● About this exercise
Look below for the line with "black and white", then repeat it and all lines after it, exactly, minus any pictures.

● Provided material
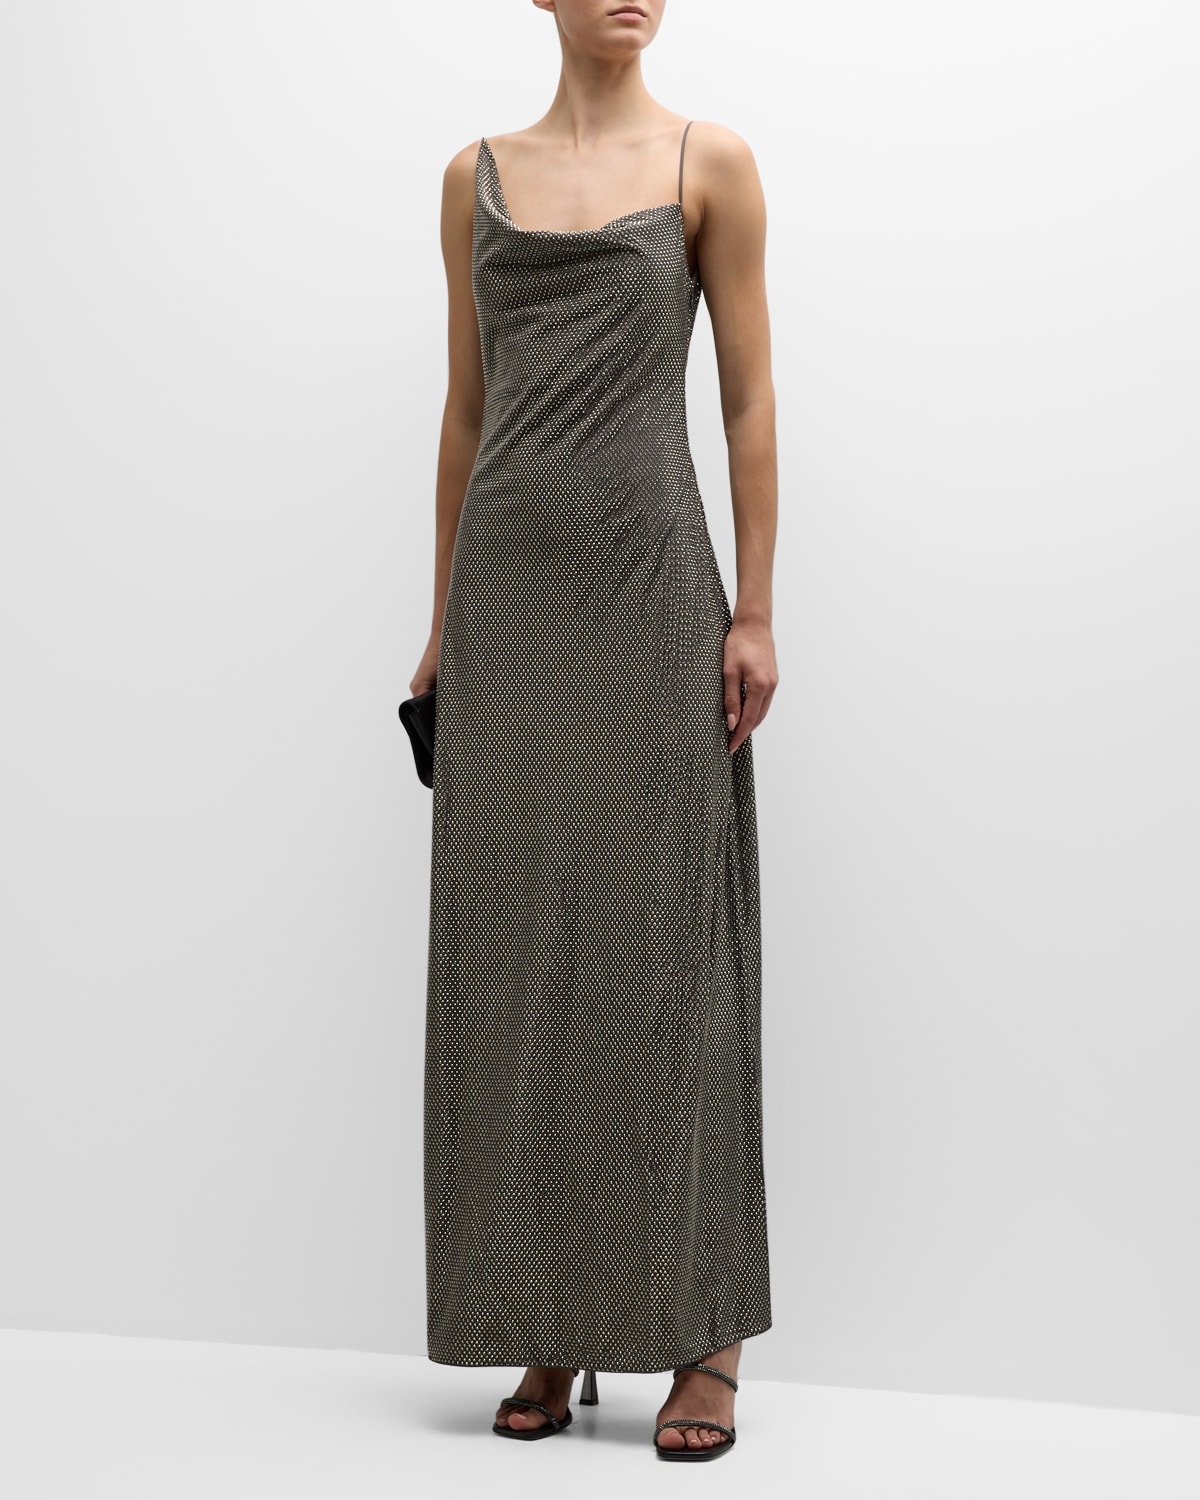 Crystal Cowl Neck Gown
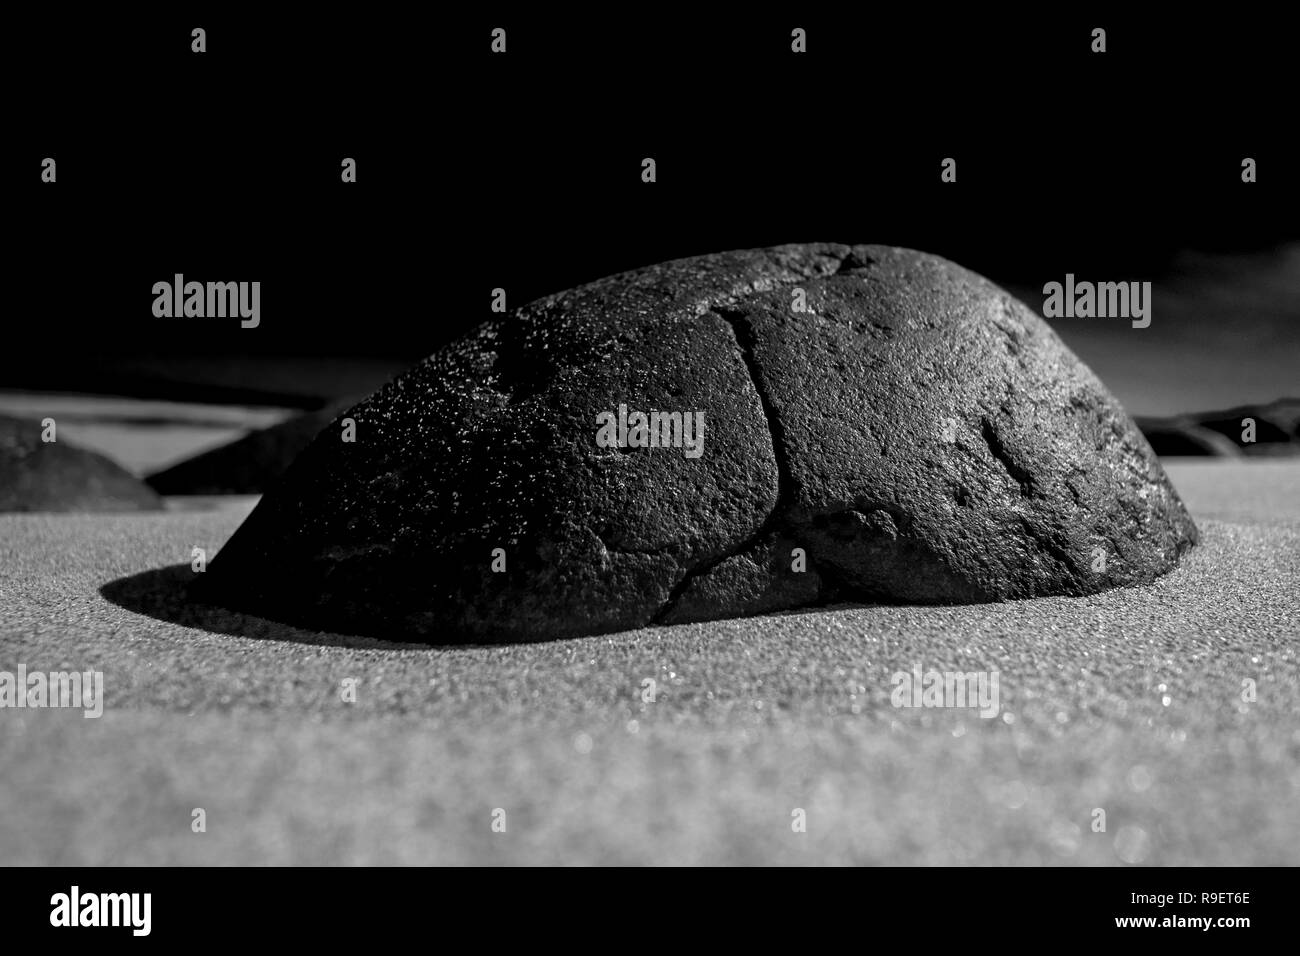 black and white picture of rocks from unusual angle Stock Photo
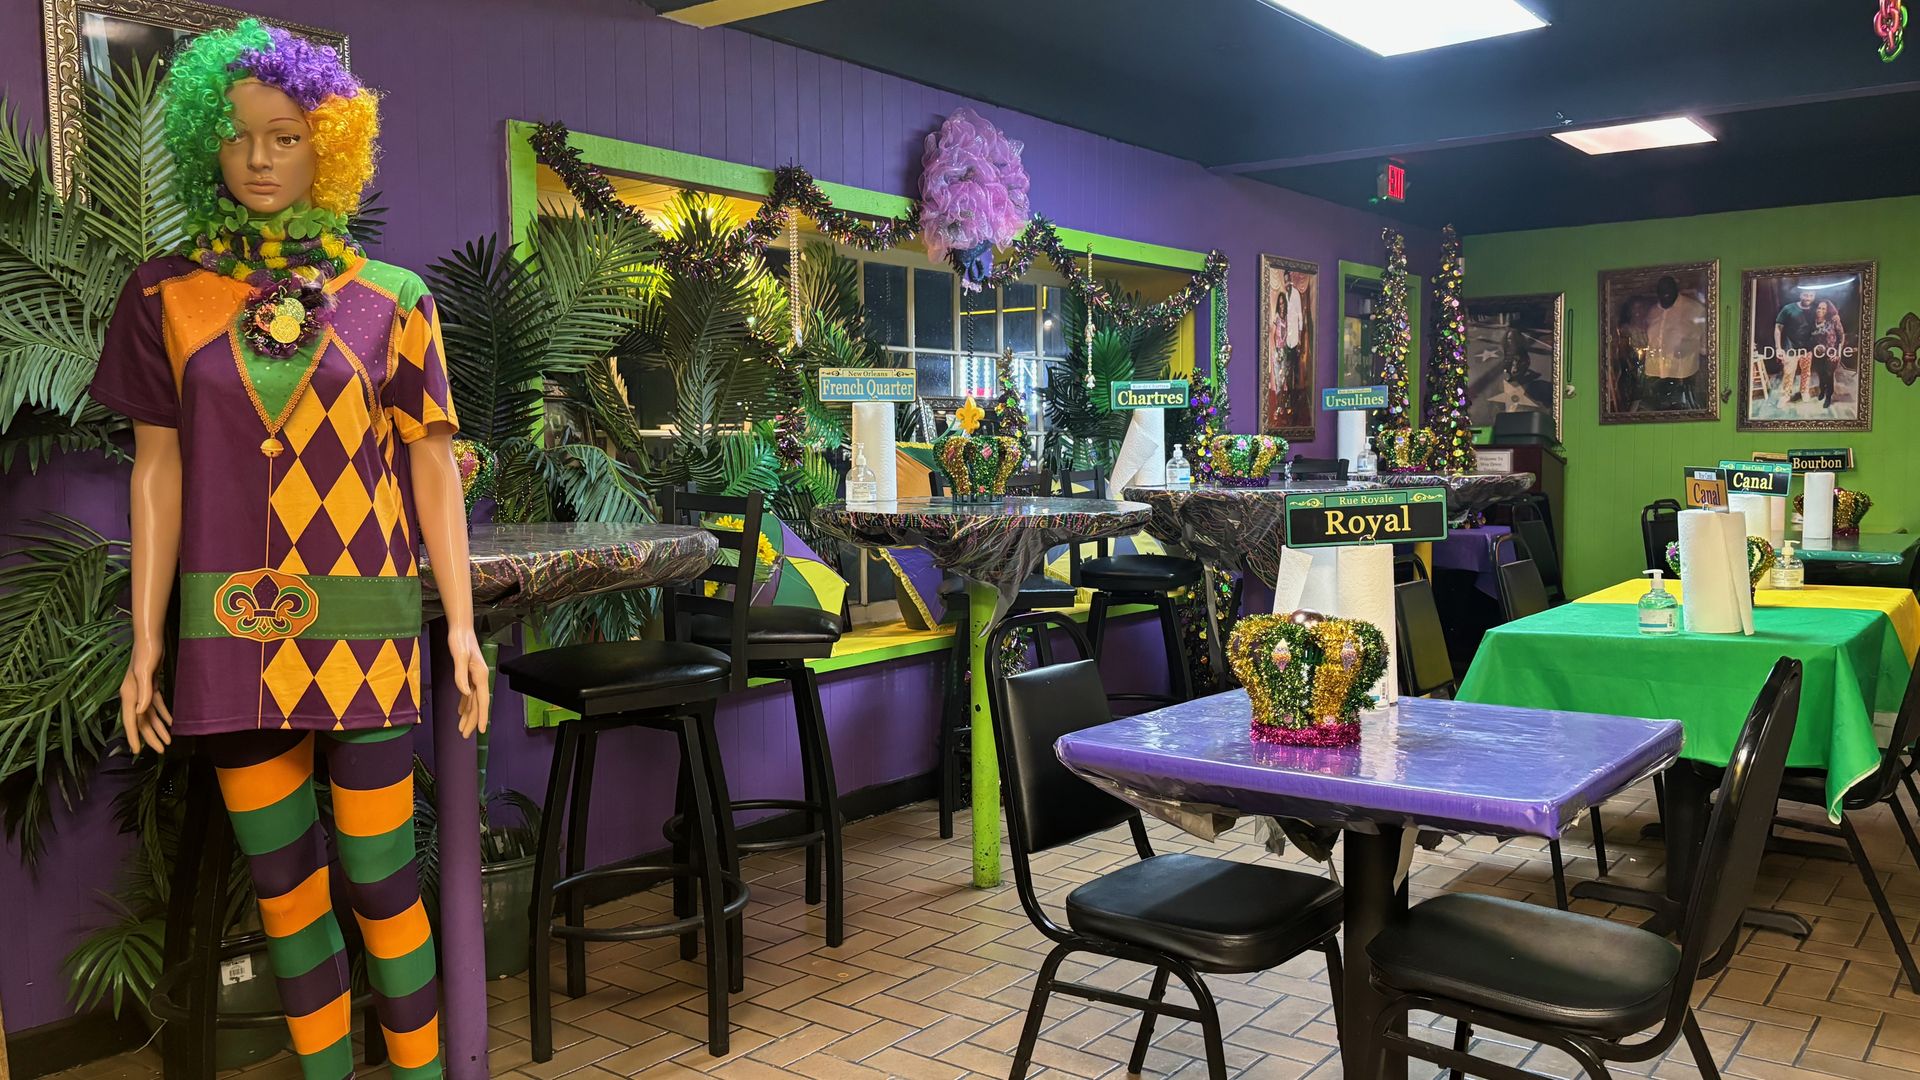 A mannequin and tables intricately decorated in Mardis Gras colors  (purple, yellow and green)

● Reply
 black and white picture of rocks from unusual angle Stock Photo
 A mannequin and tables intricately decorated in Mardis Gras colors  (purple, yellow and green)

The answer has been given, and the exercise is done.